One week earlier, the author splurged on a excellent seafood buffet in Cedar
Rapids. So what does he eat in one of the world's great culinary centers?
He heads to the Burger King next door to the Super 8.
Making up for that decision, on Saturday night the author found a seafood
buffet at the Marriott and filled a plate with beef, chicken and fish. That
buffet cost only five dollars more than the previous weekend's Iowa meal,
and a friend said "That's reasonable for New York."
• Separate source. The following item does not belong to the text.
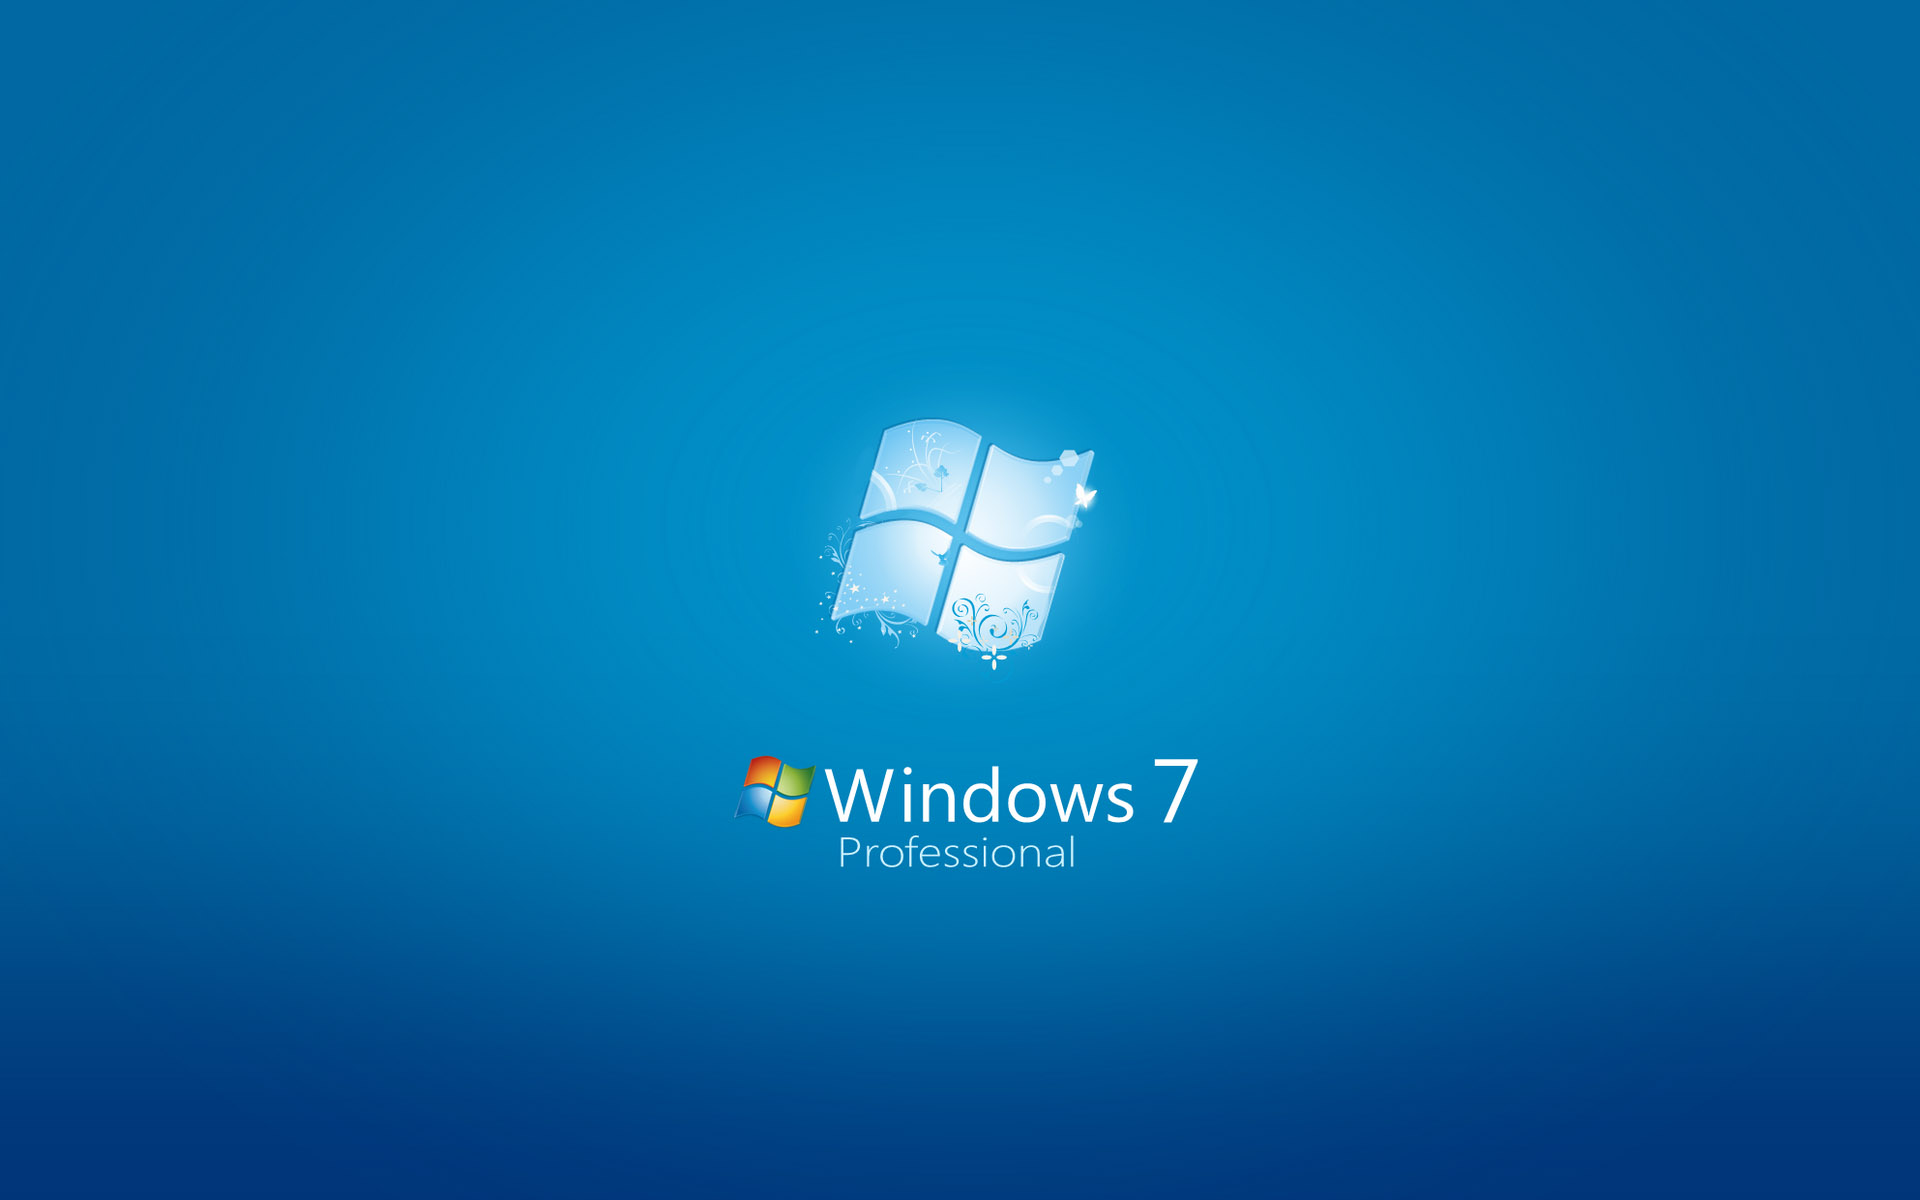 壁纸1920x1200Windows7 5 10壁纸 Windows7壁纸 Windows7图片 Windows7素材 系统壁纸 系统图库 系统图片素材桌面壁纸

At least the TV was free in the author's Super 8 room, where the author glanced at a Yankees-Red Sox game in which Aaron Boone
drove in three runs for New York. A month earlier, when the author drove
to Cincinnati for Ikasucon, Boone was playing for the Reds.
This convention came as people gathered to commemorate one of the great moments
of the 20th century, the 1963 March on Washington, highlighted by Martin
Luther King's "I have a dream" speech. That march wasn't the ultimate moment
in the postwar civil rights story, but it's come to symbolize a huge change
in American culture. The march, the civil rights act that Congress passed
the following year, and a thousand more reforms large and small changed the
U.S. for the better. The sacrifices of the grand people of that era - Bayard
Rustin, Medgar Evers, Fannie Lou Hamer and countless others - created a society
that made the growth of anime conventions possible.
There would have been no way for conventions to grow in the Jim Crow era.
Attitudes hadn't developed that would have let Americans celebrate Japanese
popular culture. As the repressive attitudes declined, a new generation was
raised that was ready for Japanese animation, right as Japan was producing
some compelling, challenging films. The people born at the time of the March
on Washington came of age at the same time that Star Blazers and Robotech first reached American TV, a conjunction that led to the rise of fandom and the remarkable 50 U.S. anime conventions in 2003.